Depois de Pequeno-almoço de campeões e Matadouro cinco, chegou a vez deste Cama de gato, do irreverente e contestatário Kurt Vonnegut, autor cuja obra tem vindo a ser publicada pela Alfaguara. A tradução é de Miguel Cardoso.
Ler Vonnegut é sempre uma viagem, e uma vertigem, como fica claro na epígrafe do romance, «Nada neste livro é verdadeiro», e também nas primeiras linhas deste primeiro capítulo, intitulado «O Dia em Que o Mundo Acabou».
“Chamem-me Jonas. Os meus pais chamaram. Enfim, mais ou menos. Chamaram-me John.
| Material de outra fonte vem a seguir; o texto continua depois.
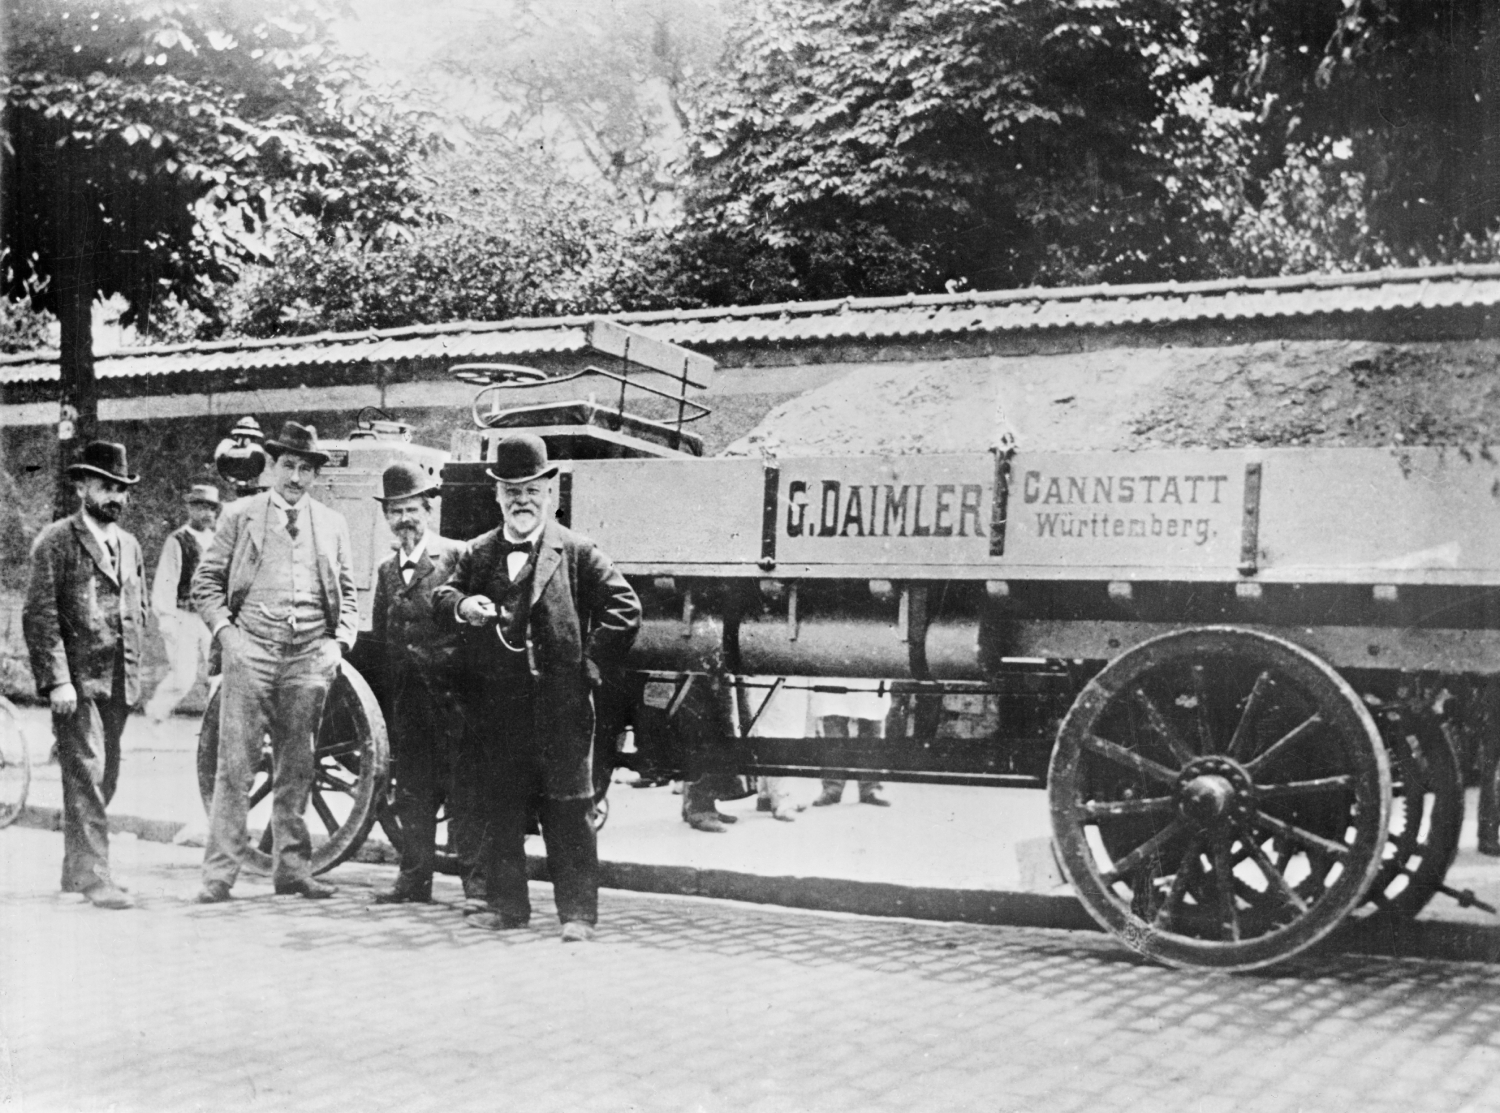 The first pickup truck ever made was the Daimler-Motoren-Gesellschaft Cannstatt by Gottlieb Daimler

Jonas, John… Ainda que eu fosse Sam, seria um Jonas: não porque tenha trazido infortúnio aos meus semelhantes, mas porque alguém ou algo me forçou a estar, impreterivelmente, em determinados lugares, em determinados momentos.” (p. 15)
Jonas, ou John, é um jornalista que quer saber mais sobre a catástrofe de Hiroxima. A pesquisa leva-o à ilha de San Lorenzo e ao enigmático Felix Hoenikker, um dos criadores da bomba atómica, vencedor de um Nobel, agora ocupado com a sua mais recente invenção: o gelo-nove, substância capaz de extinguir a vida na Terra, e que é detida apenas por duas potências mundiais, naturalmente os Estados Unidos da América e a União das Repúblicas Socialistas Soviéticas.
Os capítulos, mais de 100, são breves, muitas vezes escritos em jeito de pergunta-resposta, como convém aos fragmentos de entrevista que parecem constituir. Ao longo da narrativa, o narrador, que se assume logo de início como um ex-cristão, agora dedicado ao bokononismo, cita passagens de «Os Livros de Bokonon».
Pode ler-se, a dada altura: “Quando um homem se torna escritor, assume uma obrigação sagrada de produzir beleza, iluminação e conforto a toque de caixa.” (p. 230)
Na prosa delirante e fascinante de Kurt Vonnegut não é isso que se faz, até porque as voltas que a história percorre em pouco contribuem para dar sentido a um mundo sem sentido. Este livro é, contudo, mais acessível – sem nos atrevermos a usar a palavra linear – do que outras obras do autor. A forte crítica social, como sempre, está lá, ao falar-nos das intrigas políticas daquela estranha nação, a República de San Lorenzo, onde Jonas conhece Papa Monzano, o governante ditatorial da ilha, e a religião ilegal fundada por Bokonon. À habitual sátira da Guerra Fria própria dos seus livros que são clássicos de contracultura junta-se uma intrigante história apocalíptica sobre o destino do planeta – não é por acaso que o livro termina num “rebuliço cataclísmico” (p. 257).
Kurt Vonnegut (1922-2007) nasceu em Indianápolis, nos Estados Unidos, descendendo de emigrantes alemães que chegaram ao país no século XIX. Por influência do pai, estudou Bioquímica na Universidade de Cornell, embora tivesse mais interesse nas Humanidades. Alistou-se no Exército em 1943. Pouco depois do suicídio da mãe, foi enviado para a Europa, e combateu na Batalha das Ardenas. O seu esquadrão foi dizimado pelas forças alemãs. Como prisioneiro de guerra, seguiu para Dresden, na Alemanha, onde viveu num matadouro e trabalhou numa fábrica alimentar. Em 1952 publicou Player piano, o seu romance de estreia. A crítica sentiu-se desconcertada, desde o começo, perante um escritor que não encaixava nos géneros mais canónicos nem nos estilos mais em voga.